Emmanuel Macron et Donald Trump voudraient combattre les « fake news ». Toutefois, nous pouvons nous demander s’ils mènent la même bataille et à quoi ils veulent s’attaquer. Entre museler les opposants sur son territoire et mettre ses citoyens à l’abri d’influences étrangères indues, la marge peut s’avérer très mince et comporter d’importants risques de déficit démocratique.
Depuis son accession au pouvoir, le président Trump vilipende les médias de masse et les accuse de diffuser de fausses nouvelles quand l’information contrarie ses desseins ou ses convictions. Pour lui, l’ingérence russe dans la campagne présidentielle américaine et les possibles complicités de son entourage avec certains agents du Kremlin sont le fruit de l’imagination des journalistes. Il est encore plus saugrenu de voir Donald Trump, pour redorer son blason, se transformer en diffuseur par ses gazouillis quotidiens sur Twitter et trôner en première position au chapitre des fausses nouvelles.
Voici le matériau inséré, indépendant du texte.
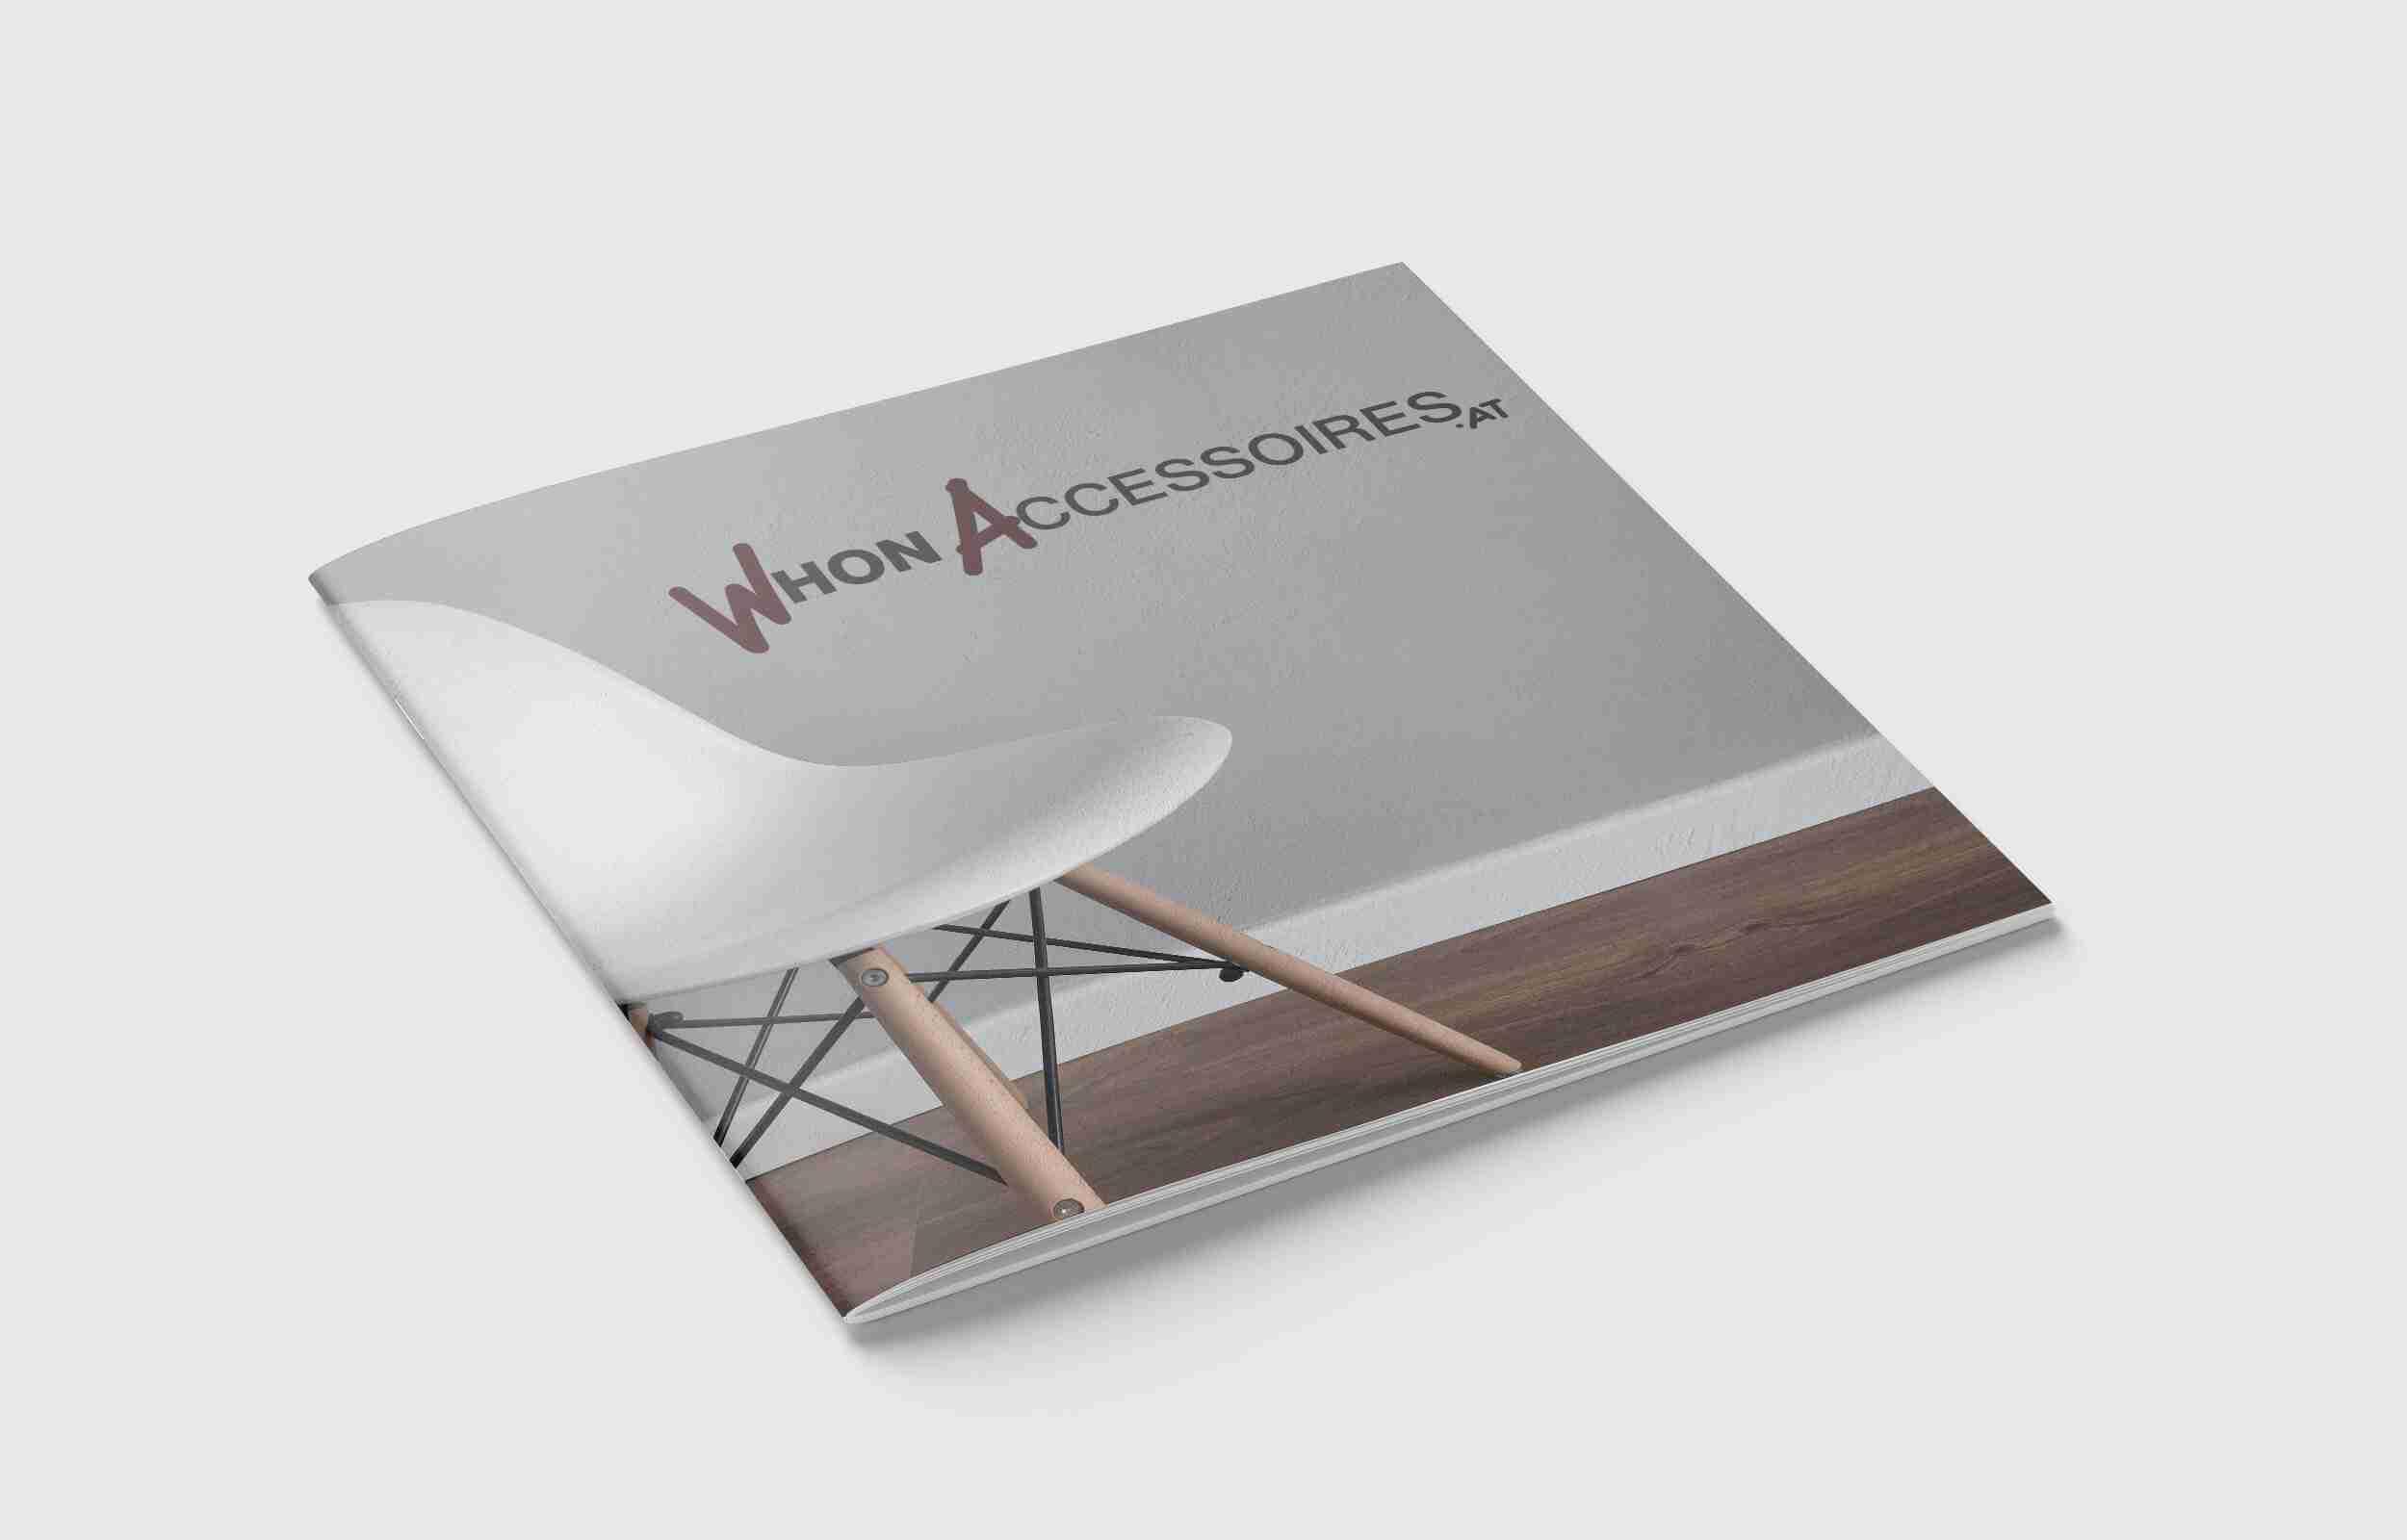 Wohn Accessoires logo colore su brochure Lorenzdesign studio grafico

Le président Macron voudrait quant à lui légiférer pour enrayer la diffusion de fausses nouvelles sur le Net. Il semble garder un amer souvenir de ce qu’on a qualifié de « macronleaks » dans les heures qui ont précédé le scrutin du second tour de l’élection présidentielle. Il souhaite que cela ne puisse plus se reproduire en permettant de déférer la cause à un juge qui pourrait éventuellement interdire la diffusion s’il considère la nouvelle fausse. Des courriels de proches collaborateurs du futur président Macron avaient été rendus publics, à quelques heures du black out qui a précédé le jour du vote, et donnaient ainsi peu de temps à la réplique. L’histoire a démontré par la suite qu’il n’y avait rien de compromettant dans ces courriels et que les tentatives de miner la réputation du candidat ont échoué au grand dam des trumpistes français, en l’occurrence Marine Le Pen et le Front national.
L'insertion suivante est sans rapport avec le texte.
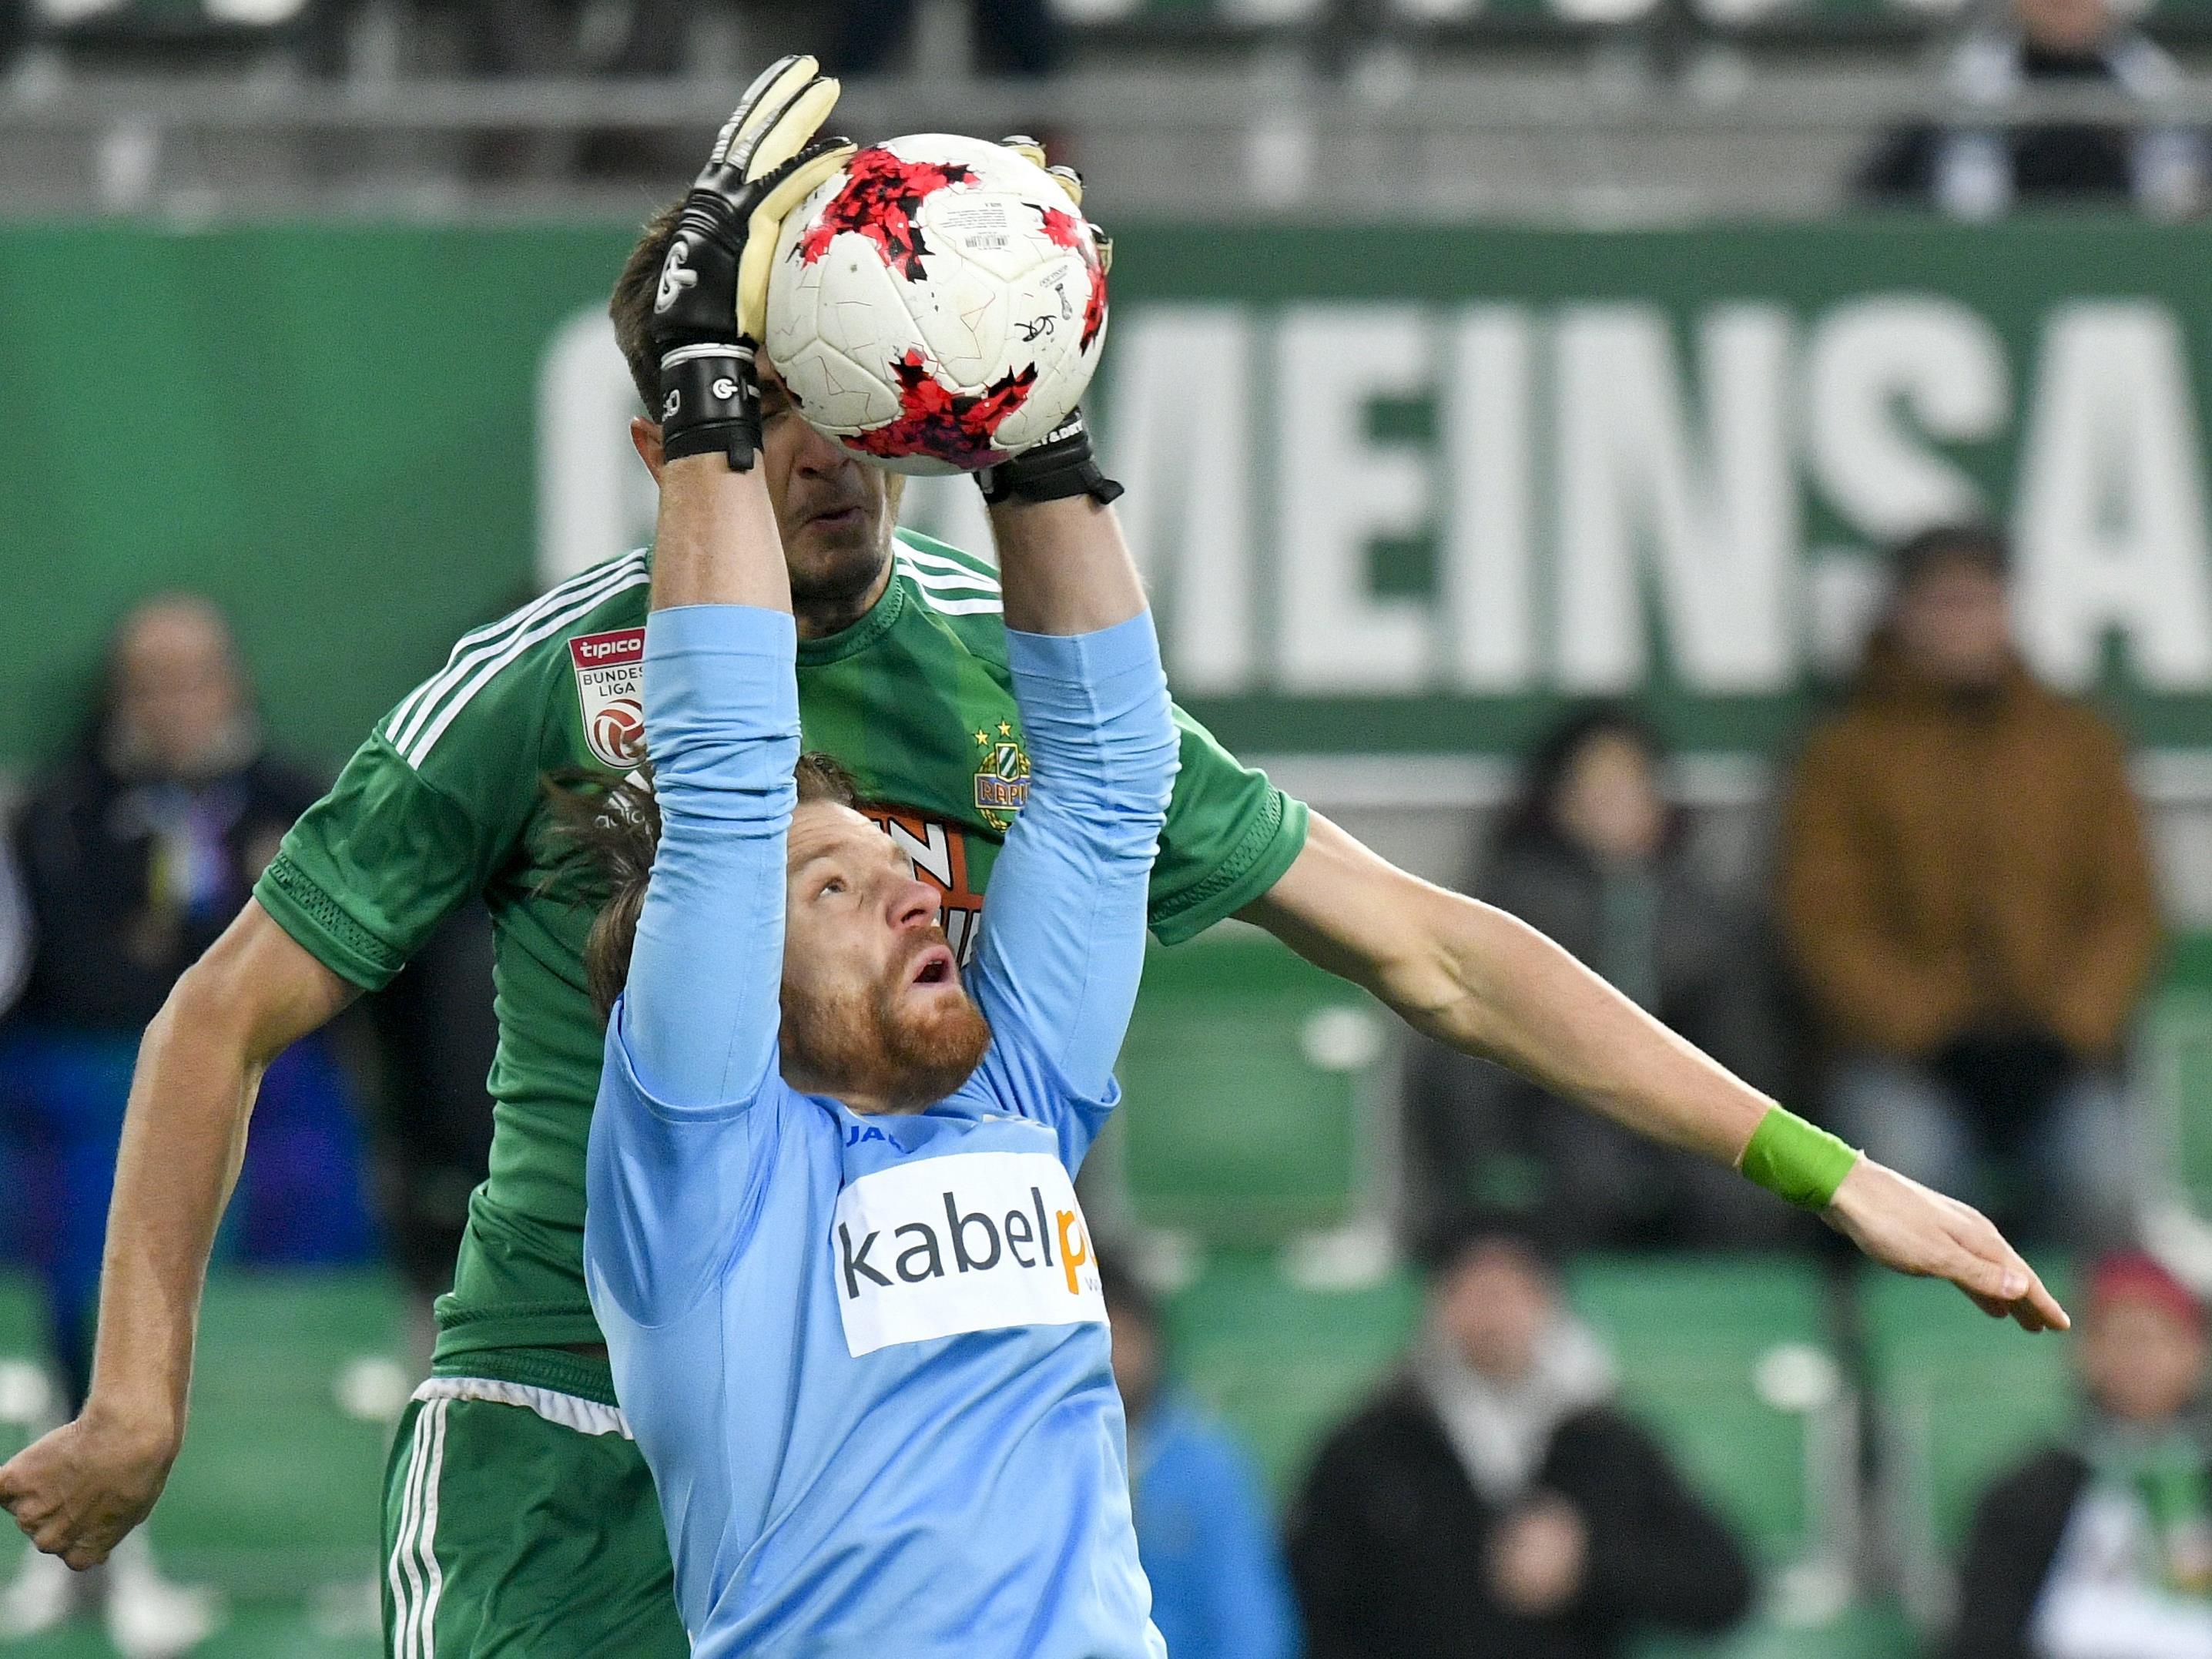 Rapid gewann mit 1:0 gegen St. Pölten.

Emmanuel Macron occupe sa fonction présidentielle avec infiniment plus de dignité que son homologue américain et la supercherie dont il a été victime contribue à rendre son intention sympathique, cependant, il ouvrirait une véritable boîte de Pandore avec son projet de loi. Envisageons un seul instant que Donald Trump projetterait de faire adopter un tel projet de loi aux États-Unis en confiant le soin aux juges nommés par ses bons soins de déterminer la véracité d’une nouvelle et de pouvoir éventuellement prescrire ce qui est diffusable. La censure d’État ne saurait constituer une solution pour se prémunir contre des informations erronées au gré de l’interprétation des uns et des autres, car nous pourrions appréhender un véritable risque pour la liberté de presse.
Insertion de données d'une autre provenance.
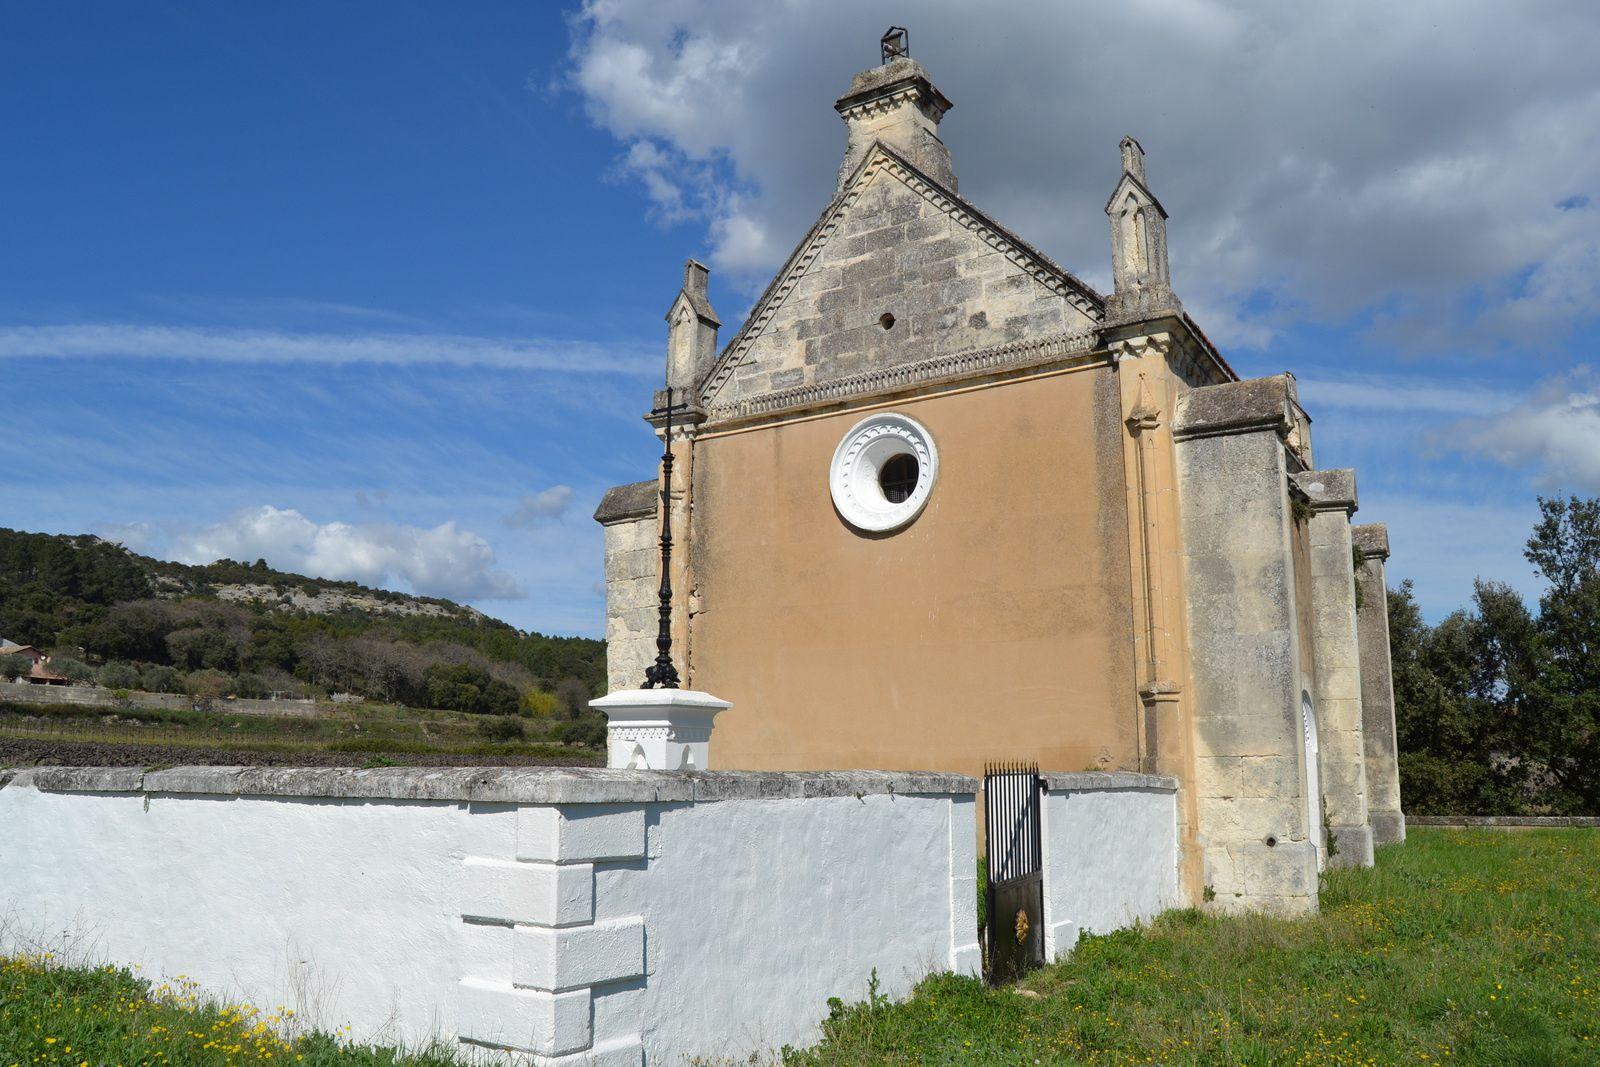 ....ainsi que le mur d'enclos et le portail du cimetiére, attestent que cette chapelle n'est pas totalement à l'abandon. Ces travaux semblent avoir étaient réalisés en 2014 à l'occasion de l'hommage au colonnel Chabriére...

Les solutions à une telle problématique sont dans le rehaussement de l’esprit critique du citoyen et dans la diversité des sources d’information. À une problématique complexe, il s’impose des solutions complexes et ce serait simpliste de l’entrevoir autrement. Il urge donc que les États démocratiques développent des politiques et dégagent des moyens financiers pour soutenir les médias de masse afin de maintenir un travail journalistique rigoureux et indépendant. Il est tout aussi pressant d’inclure dans le cursus scolaire, collégial et universitaire une éducation aux médias qui permettrait aux citoyens d’appréhender la nouvelle avec une plus grande justesse et d’être moins fragiles aux fausses nouvelles.
Ce sont généralement des pays totalitaires comme, entre autres, la Chine, la Corée du Nord ou l’Iran, qui contrôlent la diffusion sur le Net. Ce serait triste de voir la France, qui compte le mot liberté dans sa devise, basculer dans un tel camp!